Yiqing Wang et al. BMJ. .

Abstract

Objective: To assess whether maternal ultra-processed food intake during peripregnancy and during the child rearing period is associated with offspring risk of overweight or obesity during childhood and adolescence.

Design: Population based prospective cohort study.

Setting: The Nurses' Health Study II (NHSII) and the Growing Up Today Study (GUTS I and II) in the United States.

Participants: 19 958 mother-child (45% boys, aged 7-17 years at study enrollment) pairs with a median follow-up of 4 years (interquartile range 2-5 years) until age 18 or the onset of overweight or obesity, including a subsample of 2925 mother-child pairs with information on peripregnancy diet.

Main outcome measures: Multivariable adjusted, log binomial models with generalized estimating equations and an exchangeable correlation structure were used to account for correlations between siblings and to estimate the relative risk of offspring overweight or obesity defined by the International Obesity Task Force.
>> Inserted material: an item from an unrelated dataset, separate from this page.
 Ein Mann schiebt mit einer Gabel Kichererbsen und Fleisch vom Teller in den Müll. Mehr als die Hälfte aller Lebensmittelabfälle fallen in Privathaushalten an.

Results: 2471 (12.4%) offspring developed overweight or obesity in the full analytic cohort. After adjusting for established maternal risk factors and offspring's ultra-processed food intake, physical activity, and sedentary time, maternal consumption of ultra-processed foods during the child rearing period was associated with overweight or obesity in offspring, with a 26% higher risk in the group with the highest maternal ultra-processed food consumption (group 5) versus the lowest consumption group (group 1; relative risk 1.26, 95% confidence interval 1.08 to 1.47, P for trend<0.001). In the subsample with information on peripregnancy diet, while rates were higher, peripregnancy ultra-processed food intake was not significantly associated with an increased risk of offspring overweight or obesity (n=845 (28.9%); group 5 v group 1: relative risk 1.17, 95% confidence interval 0.89 to 1.53, P fortrend=0.07). These associations were not modified by age, sex, birth weight, and gestational age of offspring or maternal body weight.
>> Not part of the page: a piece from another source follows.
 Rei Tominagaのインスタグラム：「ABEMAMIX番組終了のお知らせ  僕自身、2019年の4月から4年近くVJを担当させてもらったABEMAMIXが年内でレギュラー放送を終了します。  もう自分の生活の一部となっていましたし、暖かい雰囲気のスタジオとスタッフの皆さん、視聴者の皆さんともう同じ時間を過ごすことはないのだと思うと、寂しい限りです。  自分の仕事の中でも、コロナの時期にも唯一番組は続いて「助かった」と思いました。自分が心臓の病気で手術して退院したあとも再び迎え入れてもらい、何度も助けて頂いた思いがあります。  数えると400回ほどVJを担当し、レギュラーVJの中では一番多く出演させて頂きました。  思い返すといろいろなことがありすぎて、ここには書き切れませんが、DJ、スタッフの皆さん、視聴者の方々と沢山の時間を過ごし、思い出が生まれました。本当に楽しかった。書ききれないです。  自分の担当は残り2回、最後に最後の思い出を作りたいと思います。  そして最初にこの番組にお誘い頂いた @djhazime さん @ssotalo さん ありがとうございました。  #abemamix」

Conclusions: Maternal consumption of ultra-processed food during the child rearing period was associated with an increased risk of overweight or obesity in offspring, independent of maternal and offspring lifestyle risk factors. Further study is needed to confirm these findings and to understand the underlying biological mechanisms and environmental determinants. These data support the importance of refining dietary recommendations and the development of programs to improve nutrition for women of reproductive age to promote offspring health.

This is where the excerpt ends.